Juljan Shehu (/sq/; born 6 September 1998) is an Albanian professional footballer who plays as a midfielder for Ekstraklasa club Widzew Łódź, which he captains, and the Albania national team.

Shehu came through the youth systems of Olimpic, Partizani Tirana, and Internacionale Tirana before moving abroad in 2017 to join Greek third-tier side Paniliakos, where he began his senior career. In 2018, he returned to Albania and signed for Kastrioti, becoming a regular starter in the Kategoria Superiore and contributing consistently during the 2018–19 season, despite the club's eventual relegation in a tightly contested campaign that was decided by narrow point margins.
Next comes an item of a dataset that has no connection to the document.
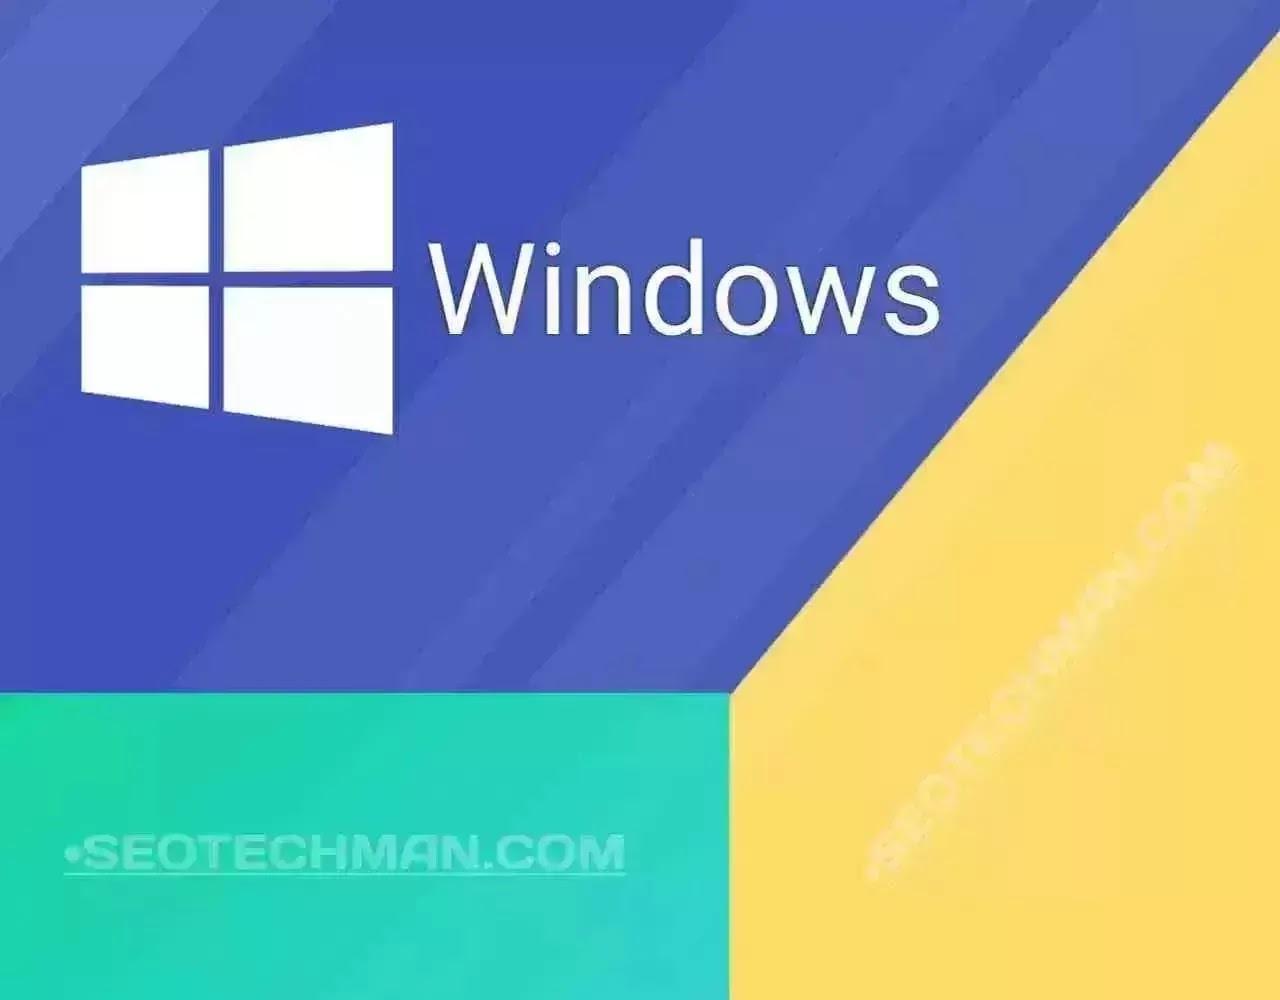 12 Alat Diagnostik Windows Terbaik Untuk PC / Komputer Anda

He subsequently moved to Laçi, remaining in the Kategoria Superiore. During his three seasons there from 2019 to 2022, Shehu established himself as one of the team's most consistent and influential midfielders. He made over 90 league appearances, contributing goals and assists while helping the club to consecutive top-four finishes in the Kategoria Superiore, including a runners-up position in 2021–22. At Laçi, he also gained extensive experience in European competitions, featuring in both the UEFA Europa League and UEFA Europa Conference League qualifiers, and played a key role in the team's domestic cup campaigns, reaching the 2022 Albanian Cup final.
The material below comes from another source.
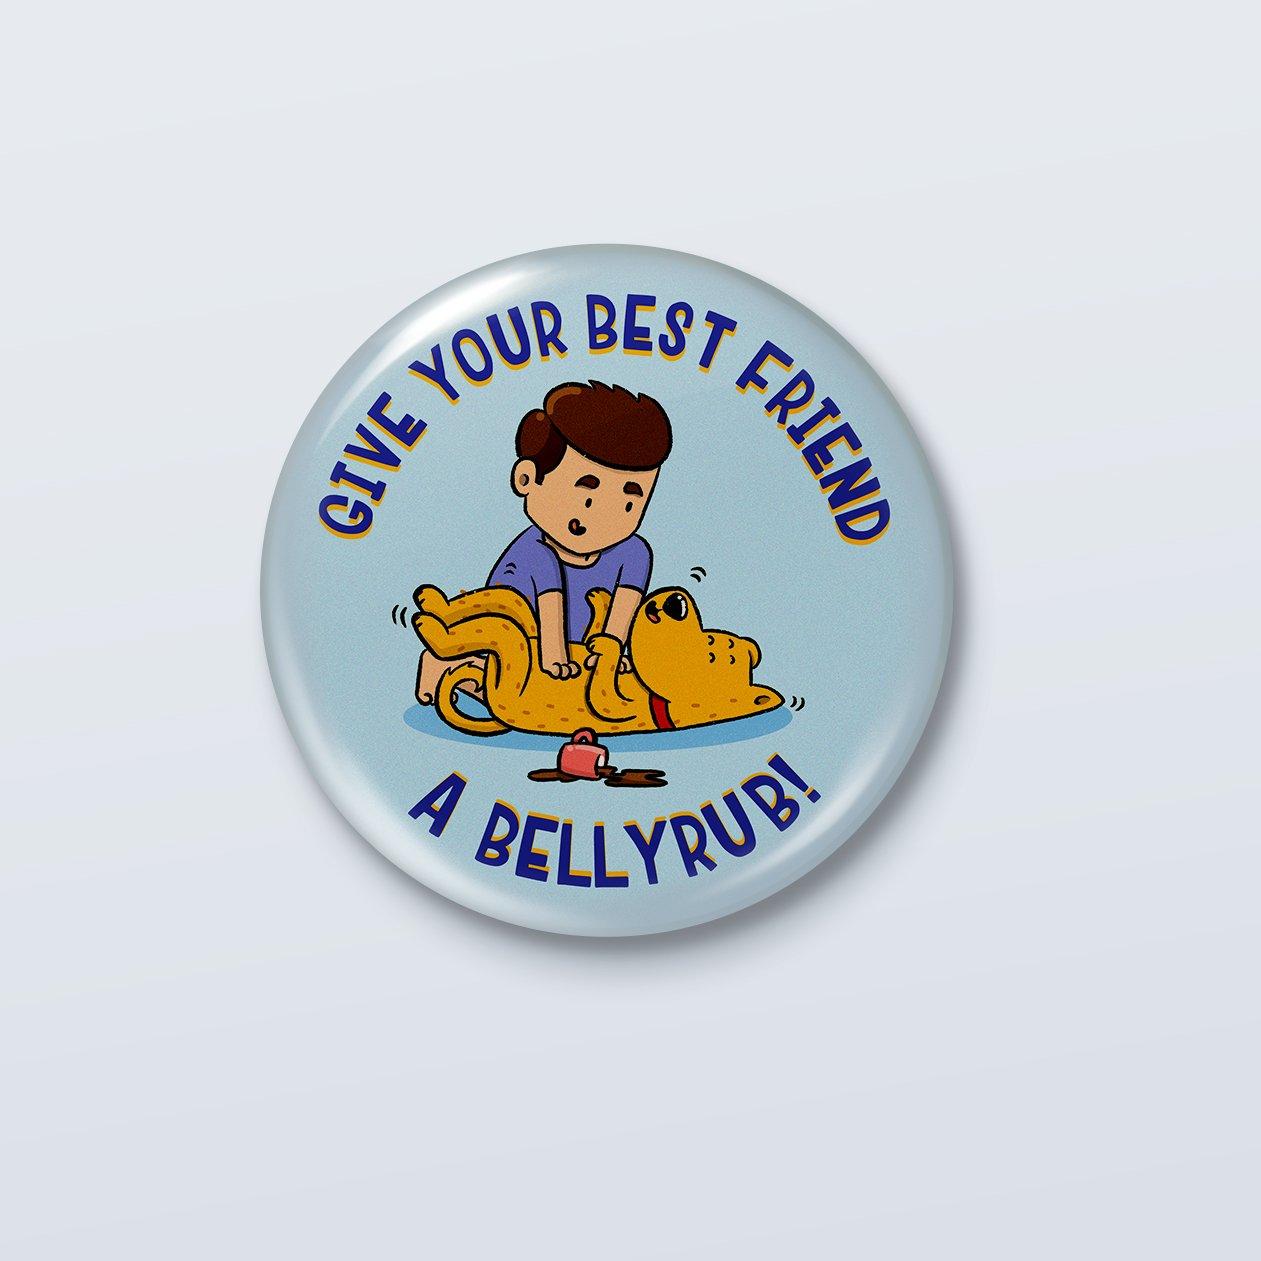 Belly Rub Badge - ₹49

After his successful spell in Albania, Shehu moved abroad in June 2022, joining Polish Ekstraklasa side Widzew Łódź, where he gradually became an integral part of the team's midfield. Over his first three seasons in Poland, he amassed more than 70 appearances in all competitions, noted for his work rate, ball-winning ability, and leadership. His performances earned him a contract extension until 2028 and a call-up to the Albania national team in March 2025, where he made his senior debut during the World Cup qualifiers under coach Sylvinho.

== Club career ==
=== Early career ===
Shehu was born in Tirane, Albania. He began his youth career with Olimpic in 2011, before joining Partizani Tirana in 2013. He later moved to Internacionale Tirana.
In 2017, Shehu moved abroad to Greek side Paniliakos in the third tier, where he made 21 appearances in the 2017–18 Gamma Ethniki season.

=== Kastrioti ===
In August 2018, Shehu signed with Kastrioti.

He made his Kategoria Superiore debut on 18 August 2018 in the opening match of the 2018–19 season against Luftëtari Gjirokastër, playing 61 minutes in a 1–0 away win.

He scored his first goal for the club on matchday 7 on 3 October against Tirana, although Kastrioti lost the home game 3–2.

Shehu was a regular starter throughout the season, missing only a few matches, while Kastrioti struggled during the first phase of the championship, collecting only three wins and one draw in 18 matches by the end of the year; however in the second half, Kastrioti significantly improved their performances, with Shehu adding three more league goals and contributing consistently to the team's positive results, accepting only 4 losses in 18 matches, but despite collecting in total 42 points, Kastrioti finished second from bottom in a tightly contested table and were relegated to the Kategoria e Parë.

Shehu also featured in the Albanian Cup second round first leg on 22 January 2019 against Partizani, scoring a goal in a 2–4 home defeat.

Overall, he collected 32 appearances and 5 goals.

=== Laçi ===
In July 2019, Shehu joined fellow Kategoria Superiore side Laçi.

He immediately made his debut in European competitions, appearing in both legs of the UEFA Europa League first qualifying round against Hapoel Be'er Sheva on 11 and 18 July 2019. He played the full 90 minutes in both matches, which ended in a 1–1 draw and a 1–0 loss respectively, and was cautioned in each leg.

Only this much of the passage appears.